How important is redundancy in rigging?

http://www.boston.com/news/local/rhode-island/2014/05/04/report-aerial-performers-fall-during-circus-act-providence/jONRVASHacmTEy106u394M/story.html

"It has been determined that a carabiner in the rigging failed"

The carabiner used in the stunt is rated to hold 10,000 pounds, the statement said, while the total weight of the rigging and performers was less than 1,500 pounds.

The carabiner was the lone piece of equipment between the apparatus and a cable tethering the performers to the rafters.

This is a good excuse to post a rant I wrote a while ago.

How important is redundancy in rigging?

That depends on what level of risk you're willing to accept. Would you be comfortable with a hypothetical piece of equipment with a 1/1,000,000 chance of failure? If so, that's fine. However, you'd better be damn sure that 1/1,000,000 is accurate and not actually 1/500,000 or even 1/1,000. You'd also better be ready to take full responsibility if you underestimate the risk and end up dropping somebody due to equipment failure.

Is 1/1,000,000 not enough for comfort? A lot of people think doubling equipment doubles the statistical safety margin. Well, I have some good news and bad news for you. The bad news is that doubling equipment doesn't double the safety margin. The good news is that it increases it exponentially.

Let's look at it mathematically.
A 50% failure rate (1/2) with a redundancy can be plotted out to determine the statistical probability that both pieces of equipment will fail at the same time:

• pass/pass
• pass/fail
• fail/pass
• fail/fail

That works out to be 1/2² or 1/4 chance of complete failure. Similarly, a 1/3 chance of failure with a redundancy can be plotted and the statistical redundancy benefit determined:

• pass1/pass1
• pass1/pass2
• pass1/fail
• pass2/pass1
• pass2/pass2
• pass2/fail
• fail/pass1
• fail/pass2
• fail/fail

That works out to be 1/3² or 1/9 chance of complete failure.

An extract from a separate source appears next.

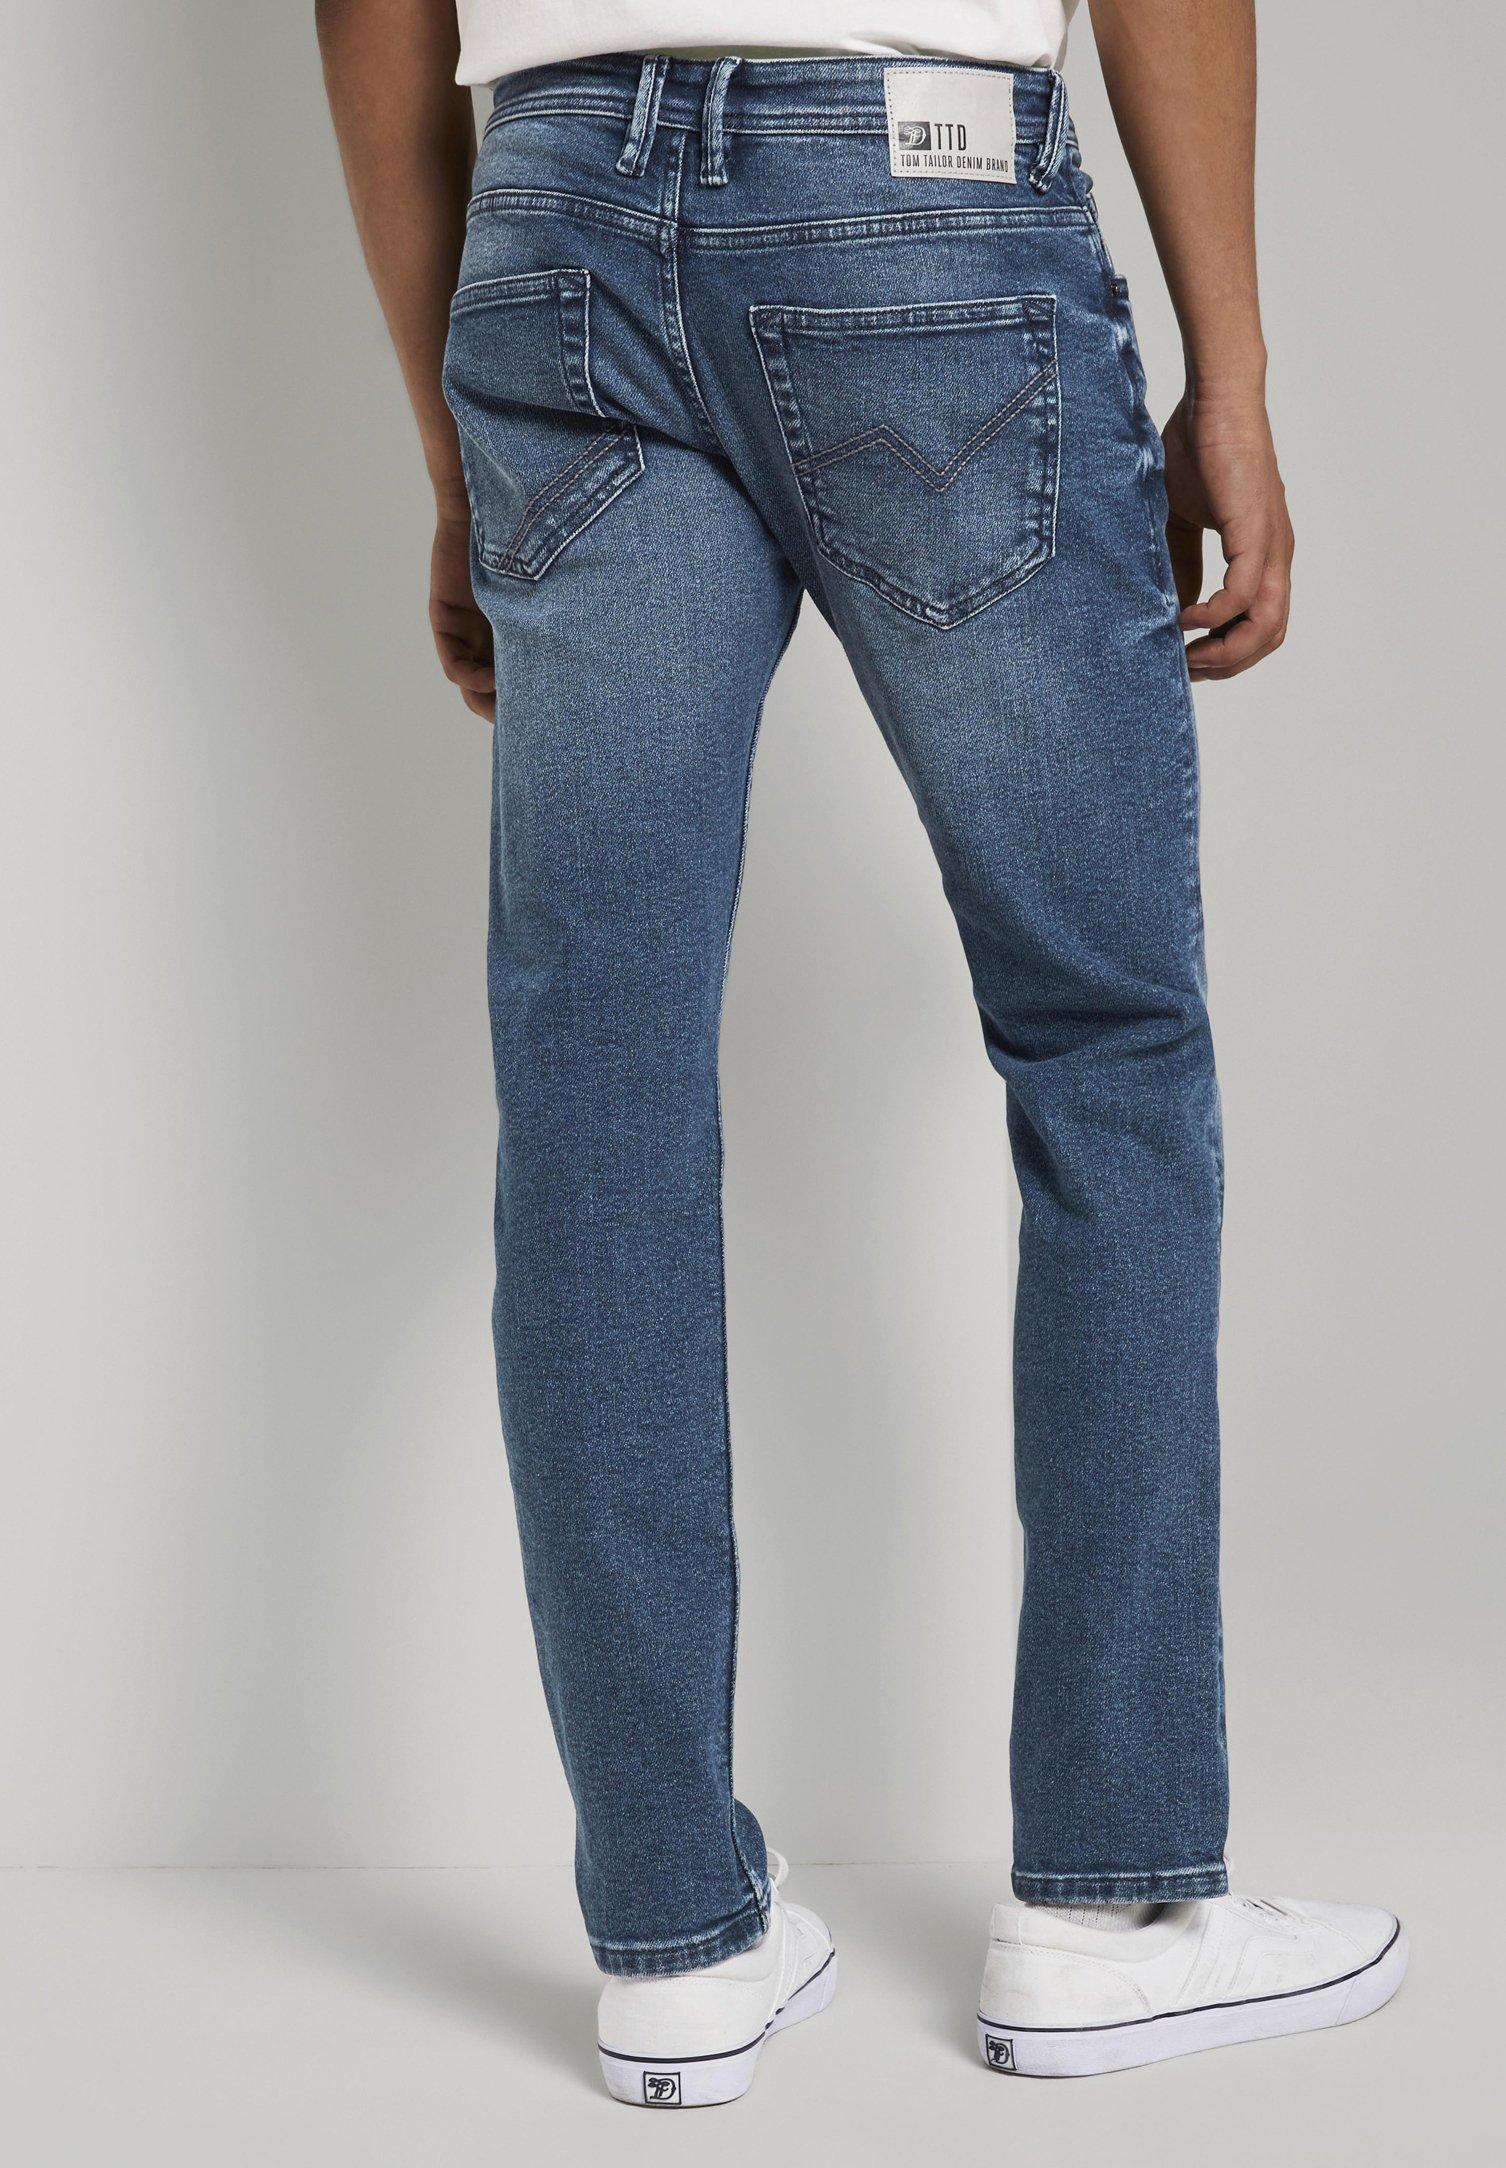 Tom Tailor Denim Piers - Jeans Slim Fit Used Light Stone Blue
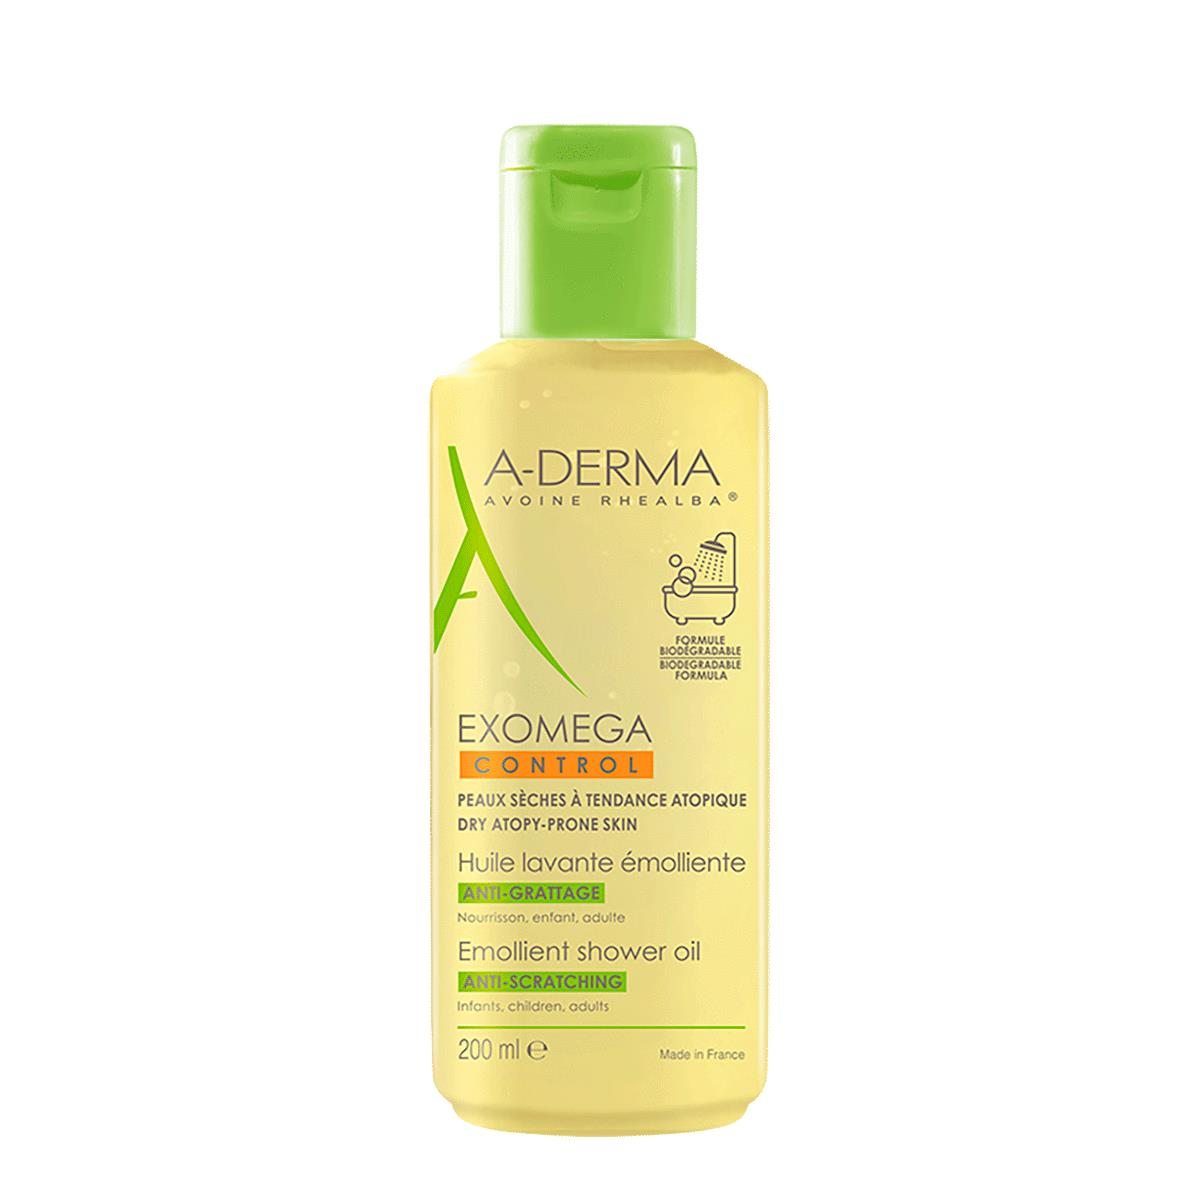 A-Derma Exomega Control Aceite Ducha 200Ml

Having demonstrated how redundancy in equipment yields an exponential statistical safety benefit, we can calculate for more robust equipment as well:

• 1/4² = 1/16
• 1/6² = 1/36
• 1/8² = 1/64
• 1/10² = 1/100
• 1/100² = 1/10,000

and finally,

• 1/1,000,000² = 1/1,000,000,000,000

which, if you can hit odds like that, you can simply pay for any medical bills with your lottery winnings. Even if you're wrong about that original 1/1,000,000 chance,

• 1/500,000² = 1/250,000,000,000

and

• 1/1,000² = 1/1,000,000

so you're still not exactly tempting fate.

The reason for redundancy isn't necessarily that the risk of equipment failure is unreasonably high, but that it's so easy to reduce the risk of equipment failure so much.

So, how important is redundancy in rigging? You be the judge. Just be ready, whatever you decide, to take responsibility in the unlikely event something breaks and you find the person you're suspending on the floor, instead of in the air where they belong.